*** Given information ***

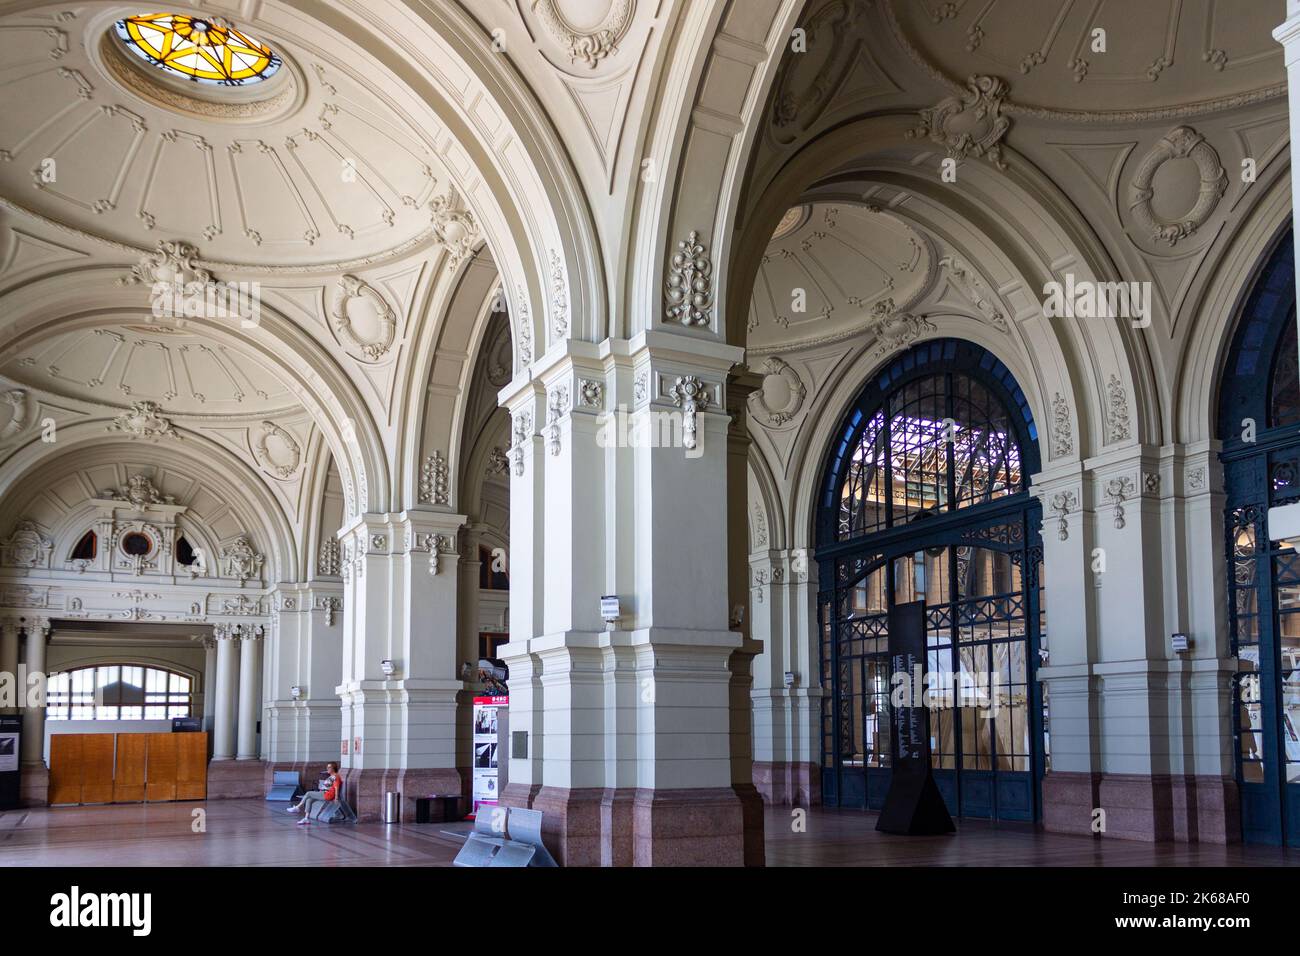 Das Innere von Estacion Mapocho, einem historischen Bahnhof in Santiago, Chile. Stockfoto
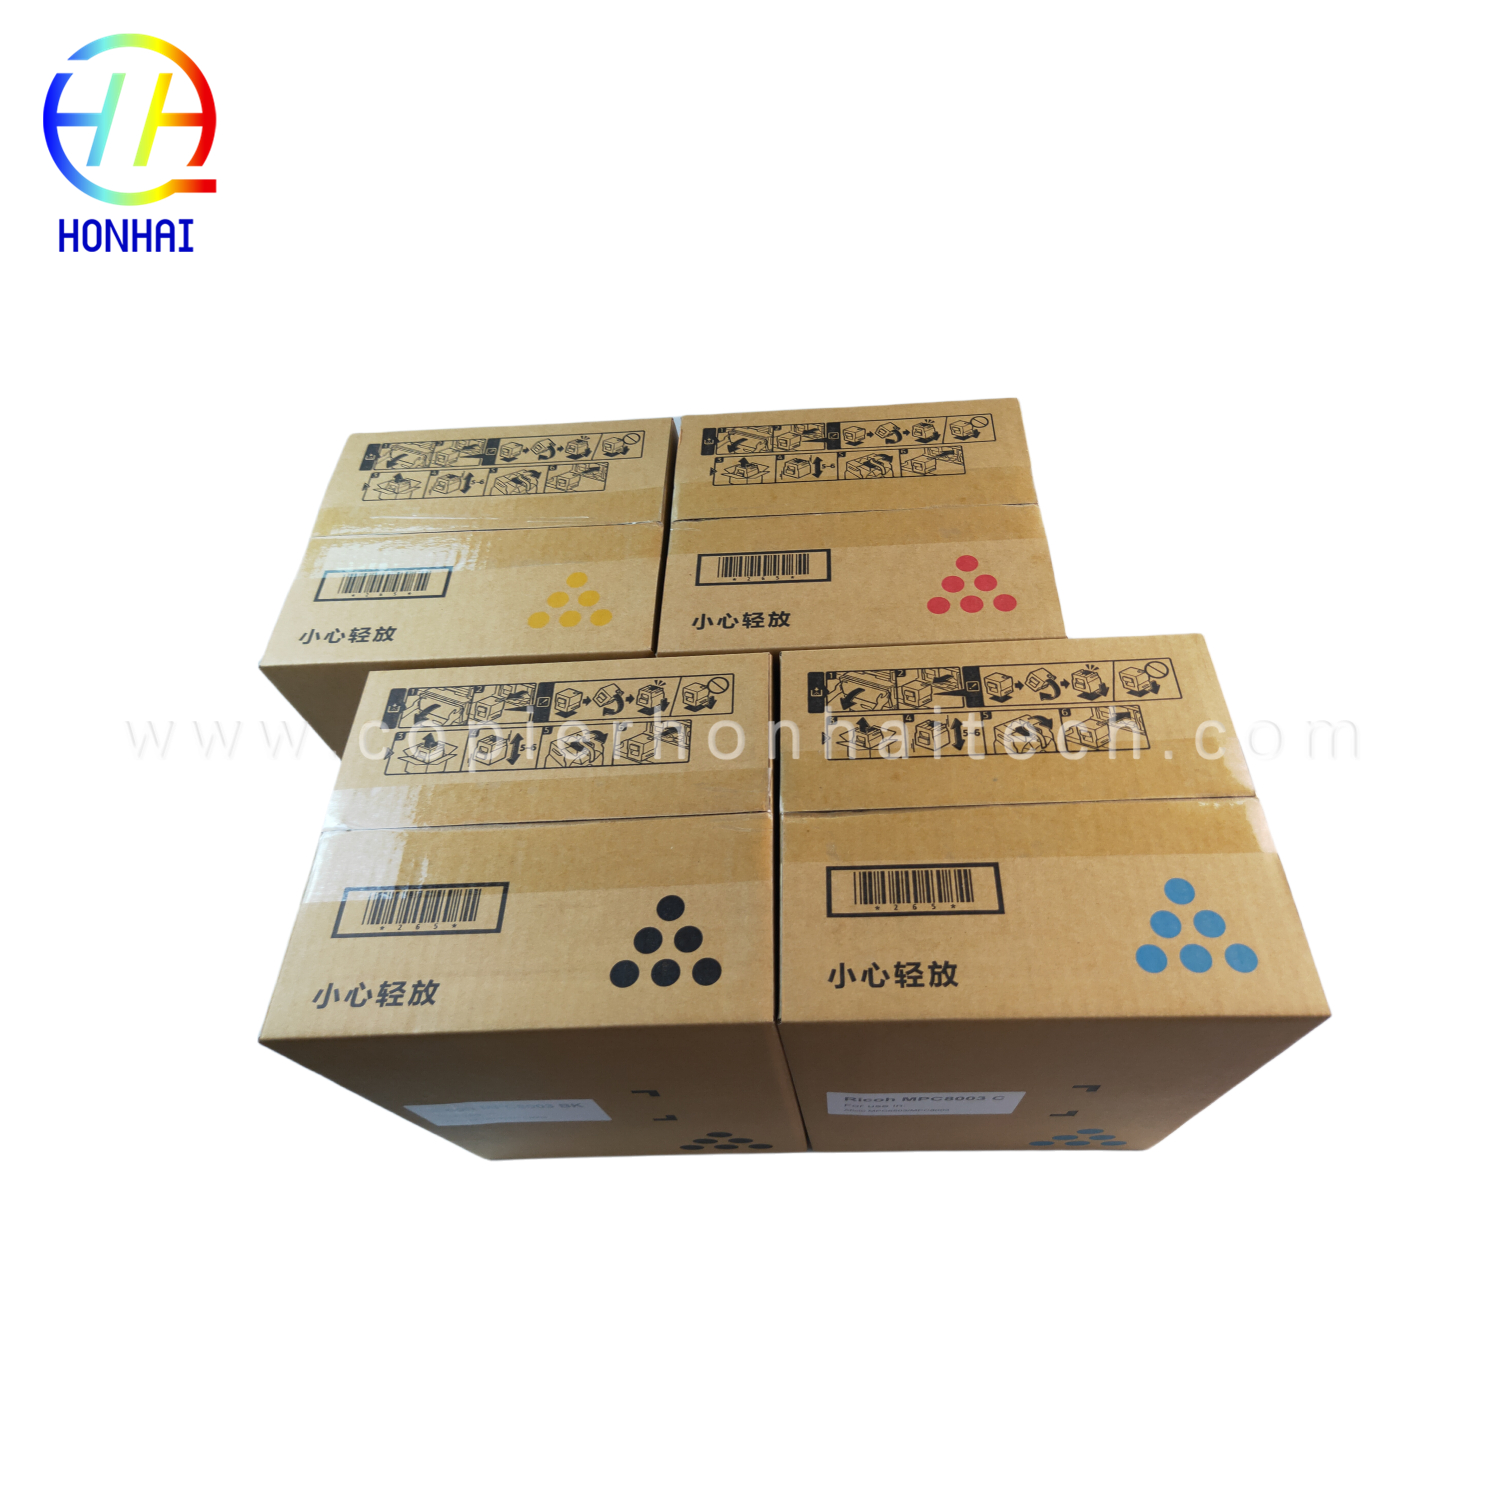 https://www.copierhonhaitech.com/toner-cartridge-japan-powder-for-ricoh-ref-842346-mp9002-mp6002-mp6002sp-mp6503-mp7502-mp7502sp-mp7503-mp9002sp-mp-9003-product/
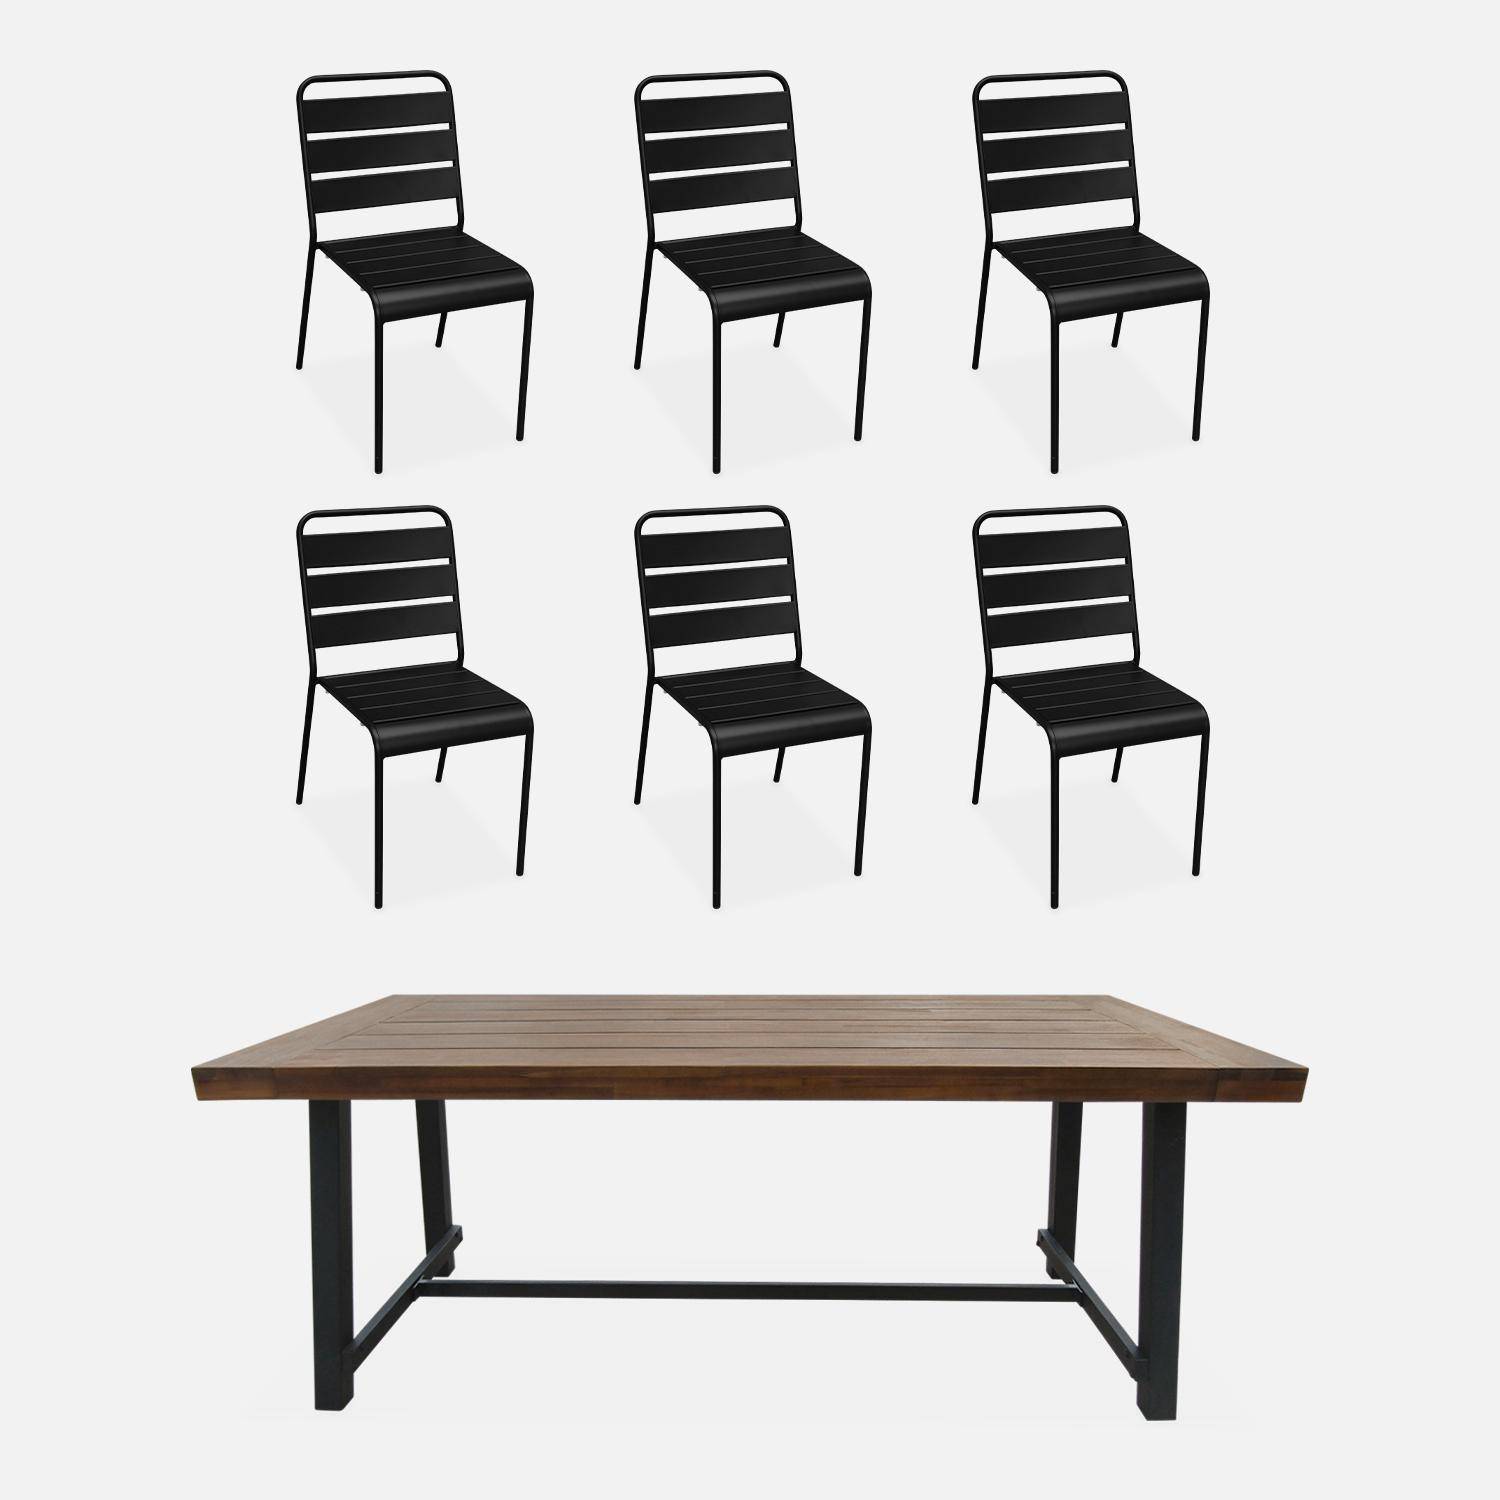 Table intérieur / extérieur bois et métal, 190cm + 6 chaises en métal empilables Photo1

***

:: Work to complete ::
The expected output is the whole listing, word for word, minus its pictures.

:: Solution ::
 Das Innere von Estacion Mapocho, einem historischen Bahnhof in Santiago, Chile. Stockfoto
 https://www.copierhonhaitech.com/toner-cartridge-japan-powder-for-ricoh-ref-842346-mp9002-mp6002-mp6002sp-mp6503-mp7502-mp7502sp-mp7503-mp9002sp-mp-9003-product/
 Table intérieur / extérieur bois et métal, 190cm + 6 chaises en métal empilables Photo1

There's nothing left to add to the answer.